Referring now to Figure 5.6, which shows an embodiment of the invention,
The discharge pipe 50 of the bubble-mixed mine shown in FIG. 3 is extended and connected to an above-ground processing stage @58 via tunnels 57a and 57b. A pump 60 for pressure feeding is installed in the discharge pipe 50 , and a rotary pulp 62 is installed near the end of the discharge pipe 50 , so that the porosity containing air bubbles is absorbed by the pressure inside the discharge pipe 50 and, ultimately, in the pressurized area 20 . is discharged into the Ia reservoir 55 without any pressure drop.

In the slag reservoir 55, the antifoaming agent sent from the supply device 42 is added to the slag, and the slag is returned to a foam-free state by stirring and mixing the two, and then transferred to the hopper 64, where it is transported by a normal earth and sand transporter such as a dump truck. The soil will be transported to the dumping site by means of other means.

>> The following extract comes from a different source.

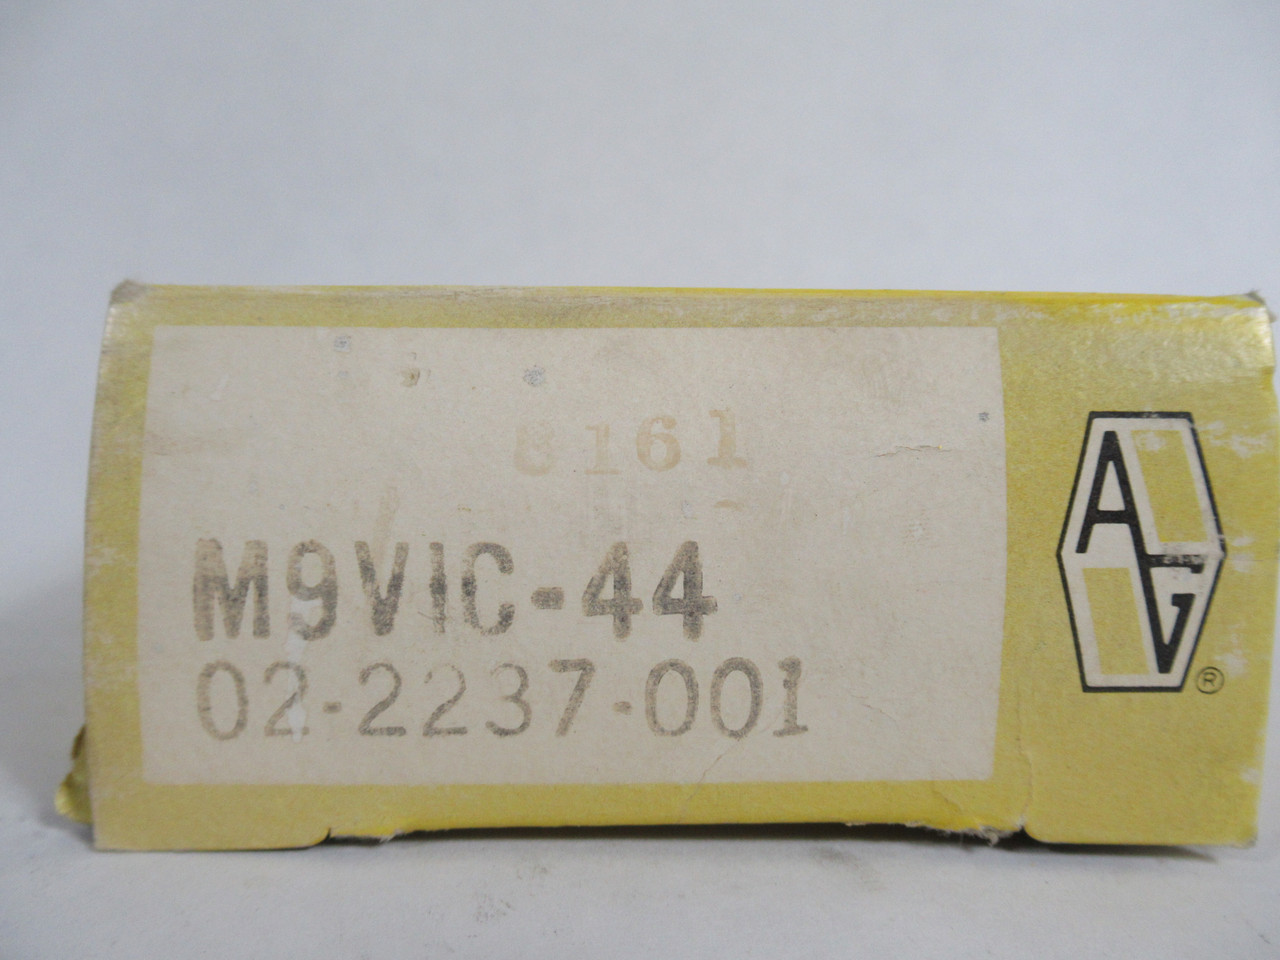 AGCO M9VIC-44-022237-001 Block&Bleed Gauge Valve 1/2"MNPT/FNPT 6000PSI@200F NEW

[Brief explanation of drawings]

Figure 1 is a schematic vertical cross-sectional view showing one example of a shield type tunnel excavation device, Figures 2.3.4 are vertical cross-sectional views showing another example of the device shown in Figure 1, and Figure 5 is a book. Figure 6 is a vertical cross-sectional view of a shield type tunnel excavation device used for carrying out the invention and the shaft behind it. FIG. 10... Shield type tunnel excavation device. 12...Shield body, 18...Cutter head, 20@-・Pressure area, 22--
・Atmospheric pressure area, 24... Life barrier. 50＠...Board discharge pipe, 55...1ili! Reservoir,
5811--Ground defoaming equipment, 60--Pump for pressure feeding, 62-e rotary valve, 64Φ working hopper. Agent Patent Attorney Nobuyuki MatsunagaFigure 1Figure 2Figure 3Figure 4

Claims (1)

[Claims] In order to reduce the excavation resistance of the face ground against the cutter or to provide fluidity and water-tightness to 2) A method for discharging air bubbles, which is characterized in that while a predetermined pressure is maintained in the pressurized region in front, the gas is pumped through a discharge pipe to the atmospheric pressure region behind the partition wall.